Year 1542 (MDXLII) was a common year starting on Sunday (link will display the full calendar) of the Julian calendar.

Events 
 January–June 
 February 2 – Battle of Baçente: The Portuguese under Cristóvão da Gama capture a Muslim-occupied hillfort in northern Ethiopia.
 February 14 – Guadalajara, Mexico, is founded by the Spaniards after three previous attempts failed, due to aggressive opposition from local tribes.
 March 8 – Antoine Escalin des Eymars, the French ambassador, returns from Constantinople, with promises of Ottoman aid in a war against Charles V, Holy Roman Emperor.
 April 4–16 – Battle of Jarte in Ethiopia: The Portuguese under Cristóvão da Gama encounter the army of Imam Ahmad Gragn, and inflict upon him two successive defeats.
 May 19 – The Prome Kingdom, in modern-day central Burma, is conquered by the Taungoo Dynasty.

 June–December 
 June 27 – Juan Rodriguez Cabrillo mistook California for an island and claimed it for Spain.
 July 24 – Guelders Wars: Maarten van Rossum leaves Antwerp, having failed to take it by siege.
 August – Battle of the Hill of the Jews: During the rainy season, Cristóvão da Gama captures a strategic position and many badly-needed horses.
 August 24 – Battle of Haddon Rig: Scotland defeats England.
 August 27 – Citizens of Hildesheim in the Holy Roman Empire profess themselves to the Lutheran teachings. As a pledge owner, the city provides for the carrying out of the Protestant Reformation in the city and Peine. Priests from the localities of Clauen, Hohenhameln, Soßmar, Schmedenstedt, Lengede and Rosenthal resume their offices in the interest of the Reformation.
 August 28 – Battle of Wofla in Ethiopia: Reinforced with at least 600 arquebusiers and cavalry, Imam Ahmad Gragn attacks the Portuguese camp.
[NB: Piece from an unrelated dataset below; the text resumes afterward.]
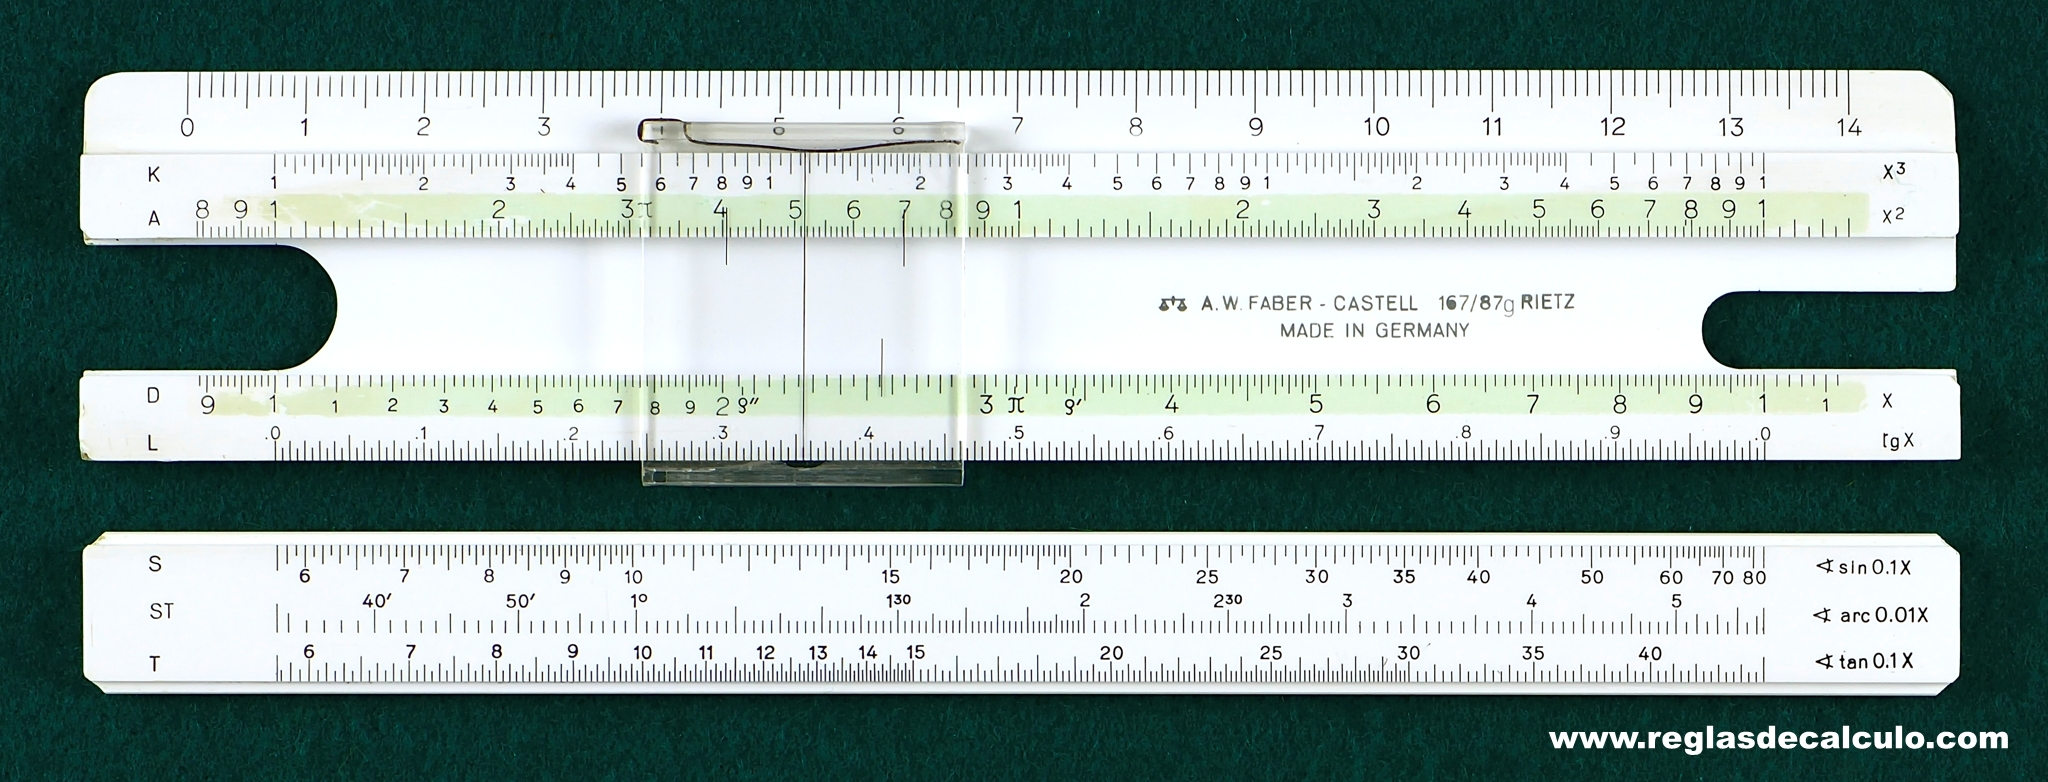 Faber Castell 167/87g Regla de Calculo Slide rule

The Portuguese are scattered; Cristóvão da Gama is captured and executed.
 September 4 – The earliest recorded Preston Guild Court is held in Lancashire, England, in the modern sequence, which lasts unbroken until 1922.
 September 28 – Portuguese explorer Juan Rodríguez Cabrillo lands in what is now San Diego Bay, and names it "San Miguel"; it will later become the city of San Diego.
 October 7 – Cabrillo becomes the first European to set foot on Santa Catalina Island, California.
 November 24 – Battle of Solway Moss: An English army invades Scotland, and defeats a Scottish army.
 November 27 – Palace plot of Renyin year: A group of Ming dynasty palace women fail to murder the Jiajing Emperor, and are executed by slow-slicing.
 December 14 – Mary, Queen of Scots, aged six days, becomes queen regnant on the death of her father, James V of Scotland.

 Date unknown 
 The first contact of Japan with the West occurs when a Portuguese ship, blown off its course to China, lands Fernão Mendes Pinto, Francisco Zeimoto and António Mota in Japan. (some sources say 1543).
 Pope Paul III establishes the Holy Office, with jurisdiction over the Roman Inquisition.
 Bartolomé de las Casas completes A Short Account of the Destruction of the Indies, which will be published in 1552.

Births 

 February 1 – John Scudamore, English politician (d. 1623)
 February 22 – Santino Garsi da Parma, Italian musician (d. 1604)
 March 19 – Jan Zamoyski, Polish nobleman (d. 1605)
 April 29 – Henry III, Duke of Münsterberg-Oels (d. 1587)
 May 5 – Thomas Cecil, 1st Earl of Exeter, English politician (d. 1623)
 May 11 – Jakob Christoph Blarer von Wartensee, Swiss Catholic bishop (d. 1608)
 May 16 – Anna Sibylle of Hanau-Lichtenberg, German noblewoman, daughter of Count Philip IV of Hanau-Lichtenberg (d. 1580)
 June 15 – Richard Grenville, English politician (d. 1591)
 June 24 – John of the Cross, Spanish Carmelite mystic, theologian, poet (d. 1591)
 July 25 – Magnus, Duke of Östergötland, Swedish prince (d. 1595)
 August 18 – Charles Neville, 6th Earl of Westmorland (d. 1601)
 August 27 – John Frederick, Duke of Pomerania and Protestant Bishop of Cammin (d. 1600)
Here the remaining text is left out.